*What to do*
Omitting the pictures, print every line below exactly as it stands.

(Data items)
########################################

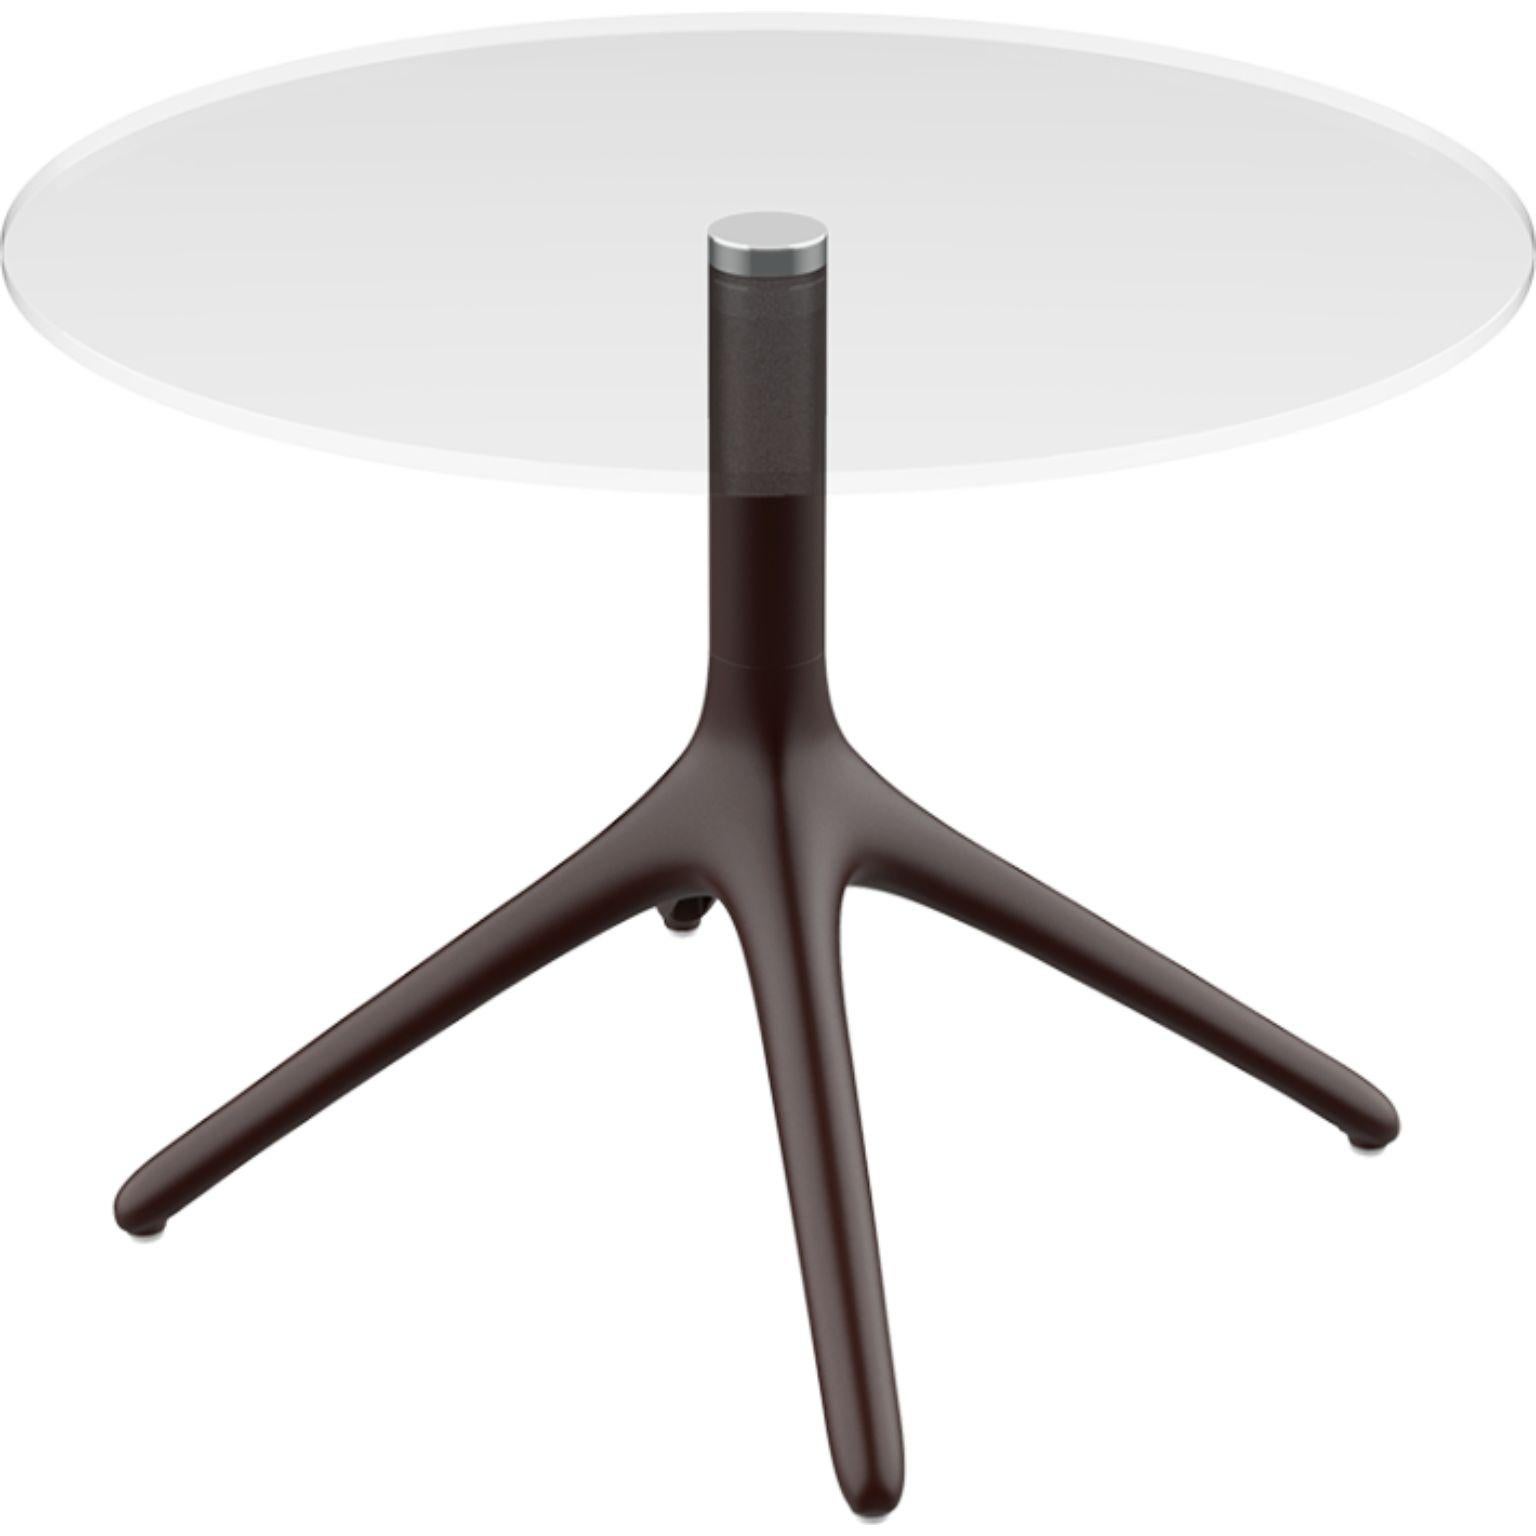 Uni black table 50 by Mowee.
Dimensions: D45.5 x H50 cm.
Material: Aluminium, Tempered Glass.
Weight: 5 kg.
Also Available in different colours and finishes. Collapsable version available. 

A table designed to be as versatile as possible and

########################################

*Final answer*
 Uni black table 50 by Mowee.
Dimensions: D45.5 x H50 cm.
Material: Aluminium, Tempered Glass.
Weight: 5 kg.
Also Available in different colours and finishes. Collapsable version available. 

A table designed to be as versatile as possible and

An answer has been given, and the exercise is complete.